Backing up and restoring a hosted cluster on OpenShift Virtualization - High availability for hosted control planes | Hosted control planes

Backing up a hosted cluster on OKD Virtualization
Restoring a hosted cluster on OKD Virtualization

You can back up and restore a hosted cluster on OKD Virtualization to fix failures.

Backing up a hosted cluster on OKD Virtualization

When you back up a hosted cluster on OKD Virtualization, the hosted cluster can remain running. The backup contains the hosted control plane components and the etcd for the hosted cluster.
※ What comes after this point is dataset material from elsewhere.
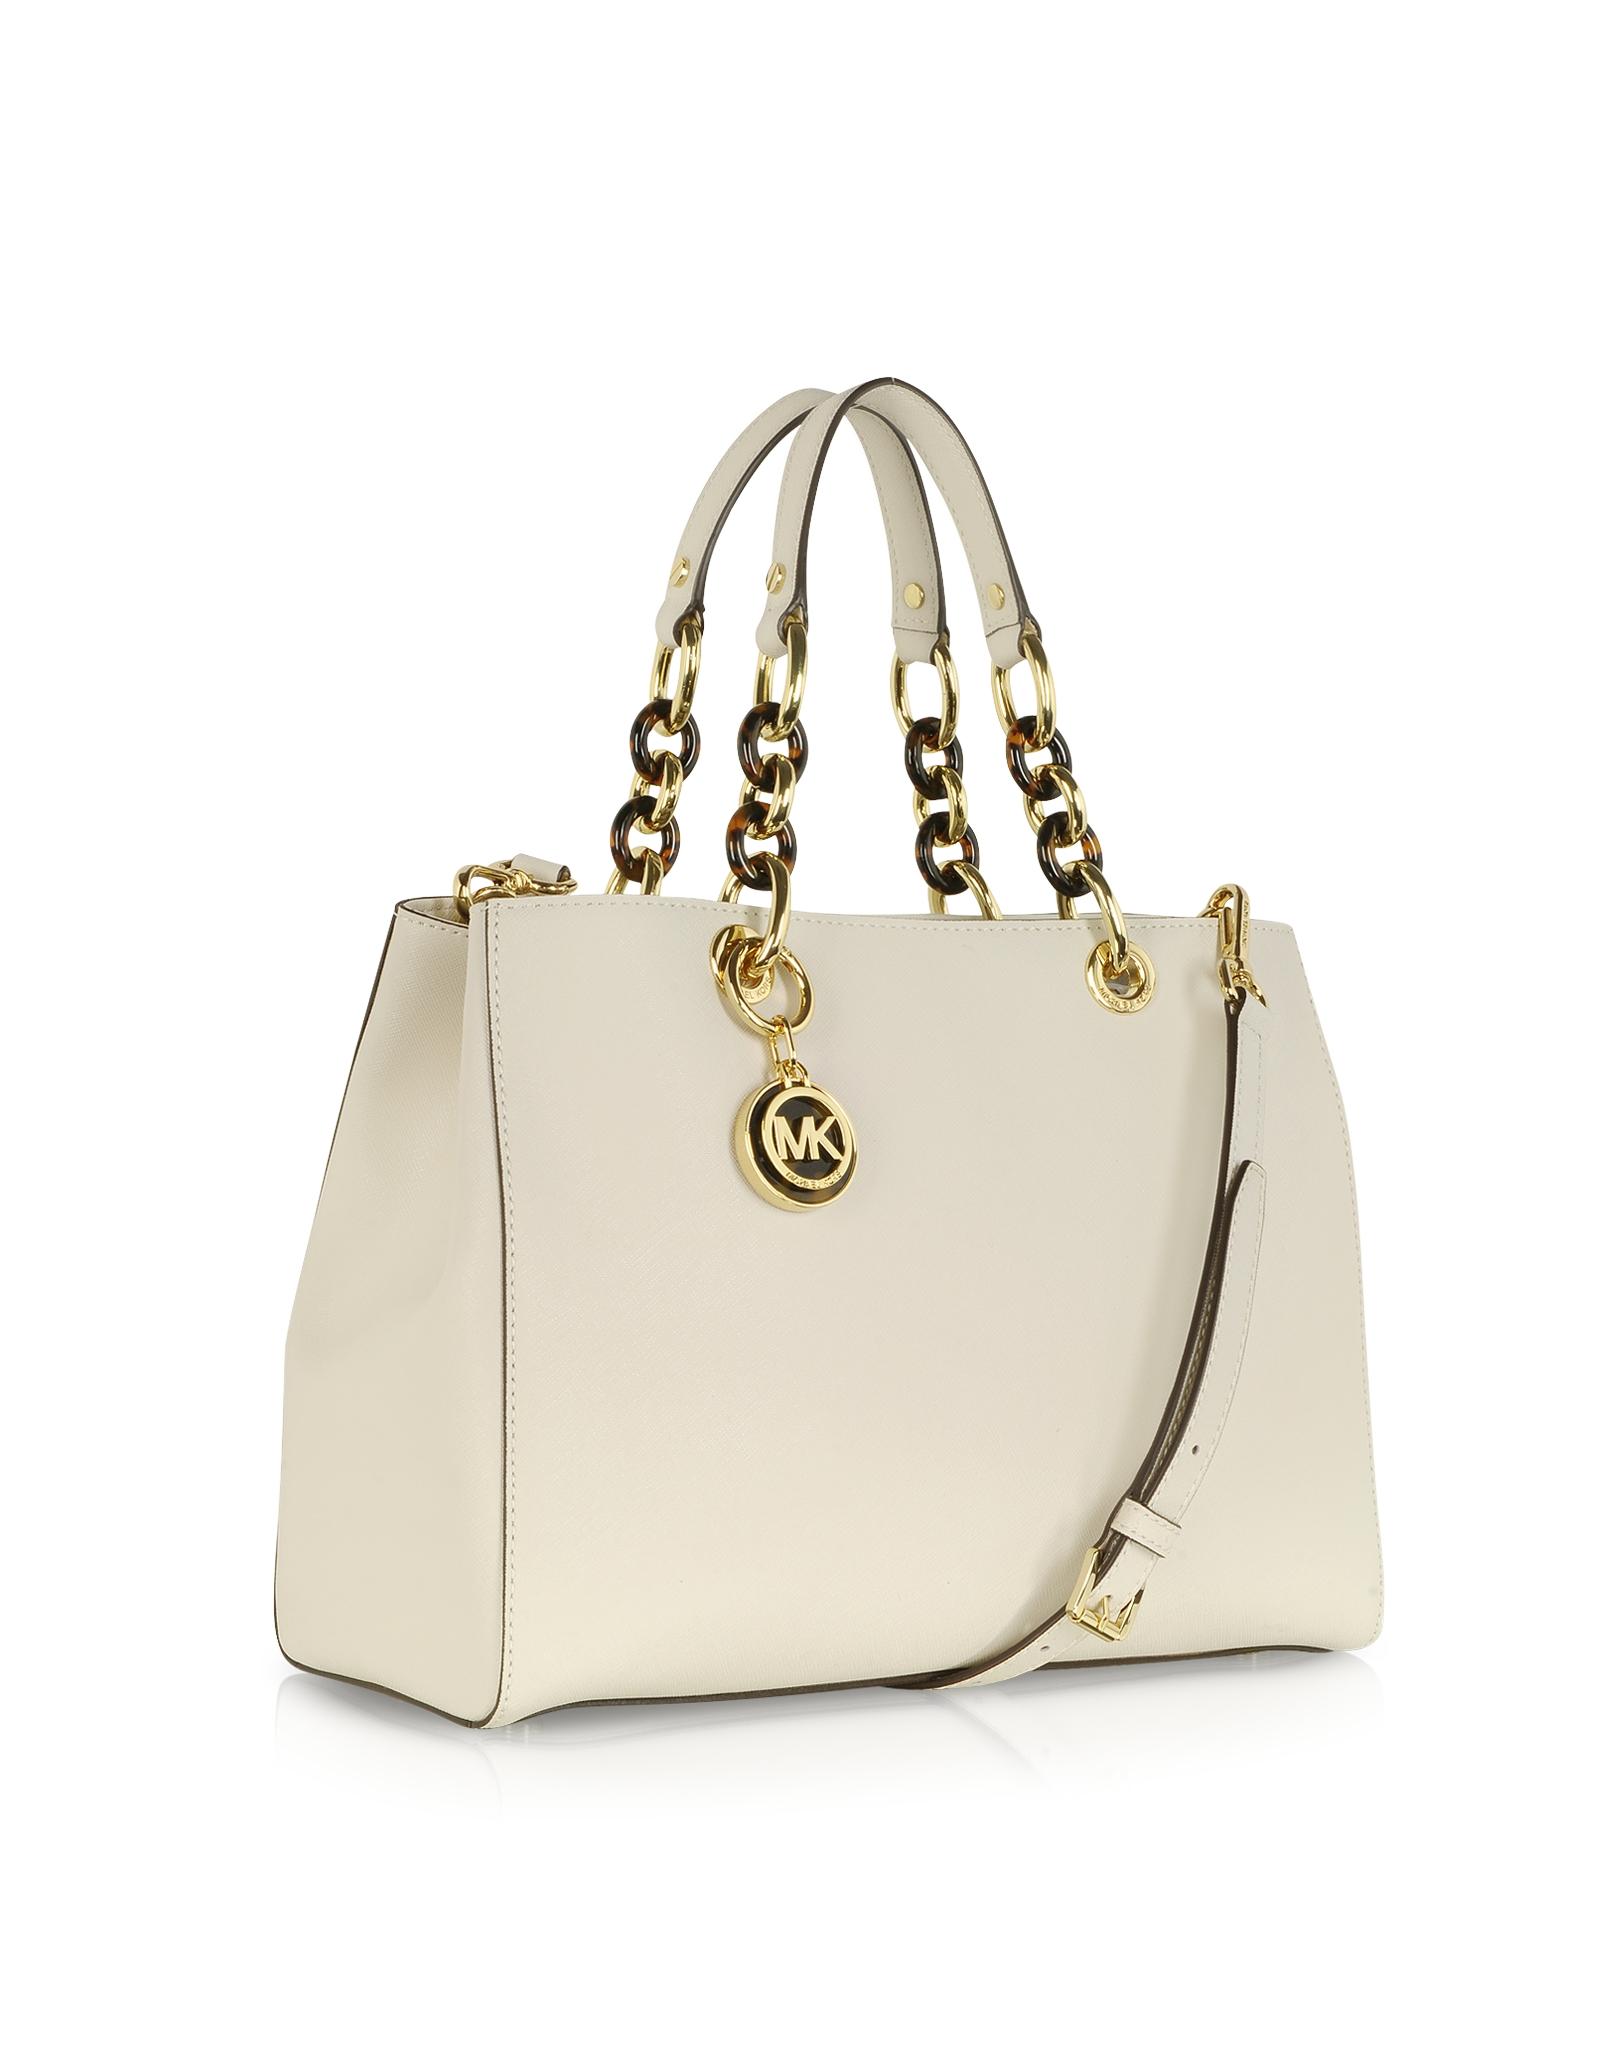 d4f6d668b662b ... bag acorn 490b7 1a43c  discount code for lyst michael kors cynthia  vanilla saffiano leather satchel in white 894c0 bbf63

When the hosted cluster is not running compute nodes on external infrastructure, hosted cluster workload data that is stored in persistent volume claims (PVCs) that are provisioned by KubeVirt CSI are also backed up. The backup does not contain any KubeVirt virtual machines (VMs) that are used as compute nodes. Those VMs are automatically re-created after the restore process is completed.

Procedure

Create a Velero backup resource by creating a YAML file that is similar to the following example:

apiVersion: velero.io/v1
kind: Backup
metadata:
  name: hc-clusters-hosted-backup
  namespace: openshift-adp
  labels:
    velero.io/storage-location: default
spec:
  includedNamespaces: (1)
  - clusters
  - clusters-hosted
  includedResources:
  - sa
  - role
  - rolebinding
  - deployment
  - statefulset
  - pv
  - pvc
  - bmh
  - configmap
  - infraenv
  - priorityclasses
  - pdb
  - hostedcluster
  - nodepool
  - secrets
  - hostedcontrolplane
  - cluster
  - datavolume
  - service
  - route
  excludedResources: [ ]
  labelSelector: (2)
    matchExpressions:
    - key: 'hypershift.openshift.io/is-kubevirt-rhcos'
      operator: 'DoesNotExist'
  storageLocation: default
  preserveNodePorts: true
  ttl: 4h0m0s
  snapshotMoveData: true (3)
  datamover: "velero" (4)
  defaultVolumesToFsBackup: false (5)

1	This field selects the namespaces from the objects to back up. Include namespaces from both the hosted cluster and the hosted control plane. In this example, `clusters` is a namespace from the hosted cluster and `clusters-hosted` is a namespace from the hosted control plane. By default, the `HostedControlPlane` namespace is `clusters-<hosted_cluster_name>`.
2	The boot image of the VMs that are used as the hosted cluster nodes are stored in large PVCs. To reduce backup time and storage size, you can filter those PVCs out of the backup by adding this label selector.
3	This field and the `datamover` field enable automatically uploading the CSI `VolumeSnapshots` to remote cloud storage.
4	This field and the `snapshotMoveData` field enable automatically uploading the CSI `VolumeSnapshots` to remote cloud storage.
5	This field indicates whether pod volume file system backup is used for all volumes by default. Set this value to `false` to back up the PVCs that you want.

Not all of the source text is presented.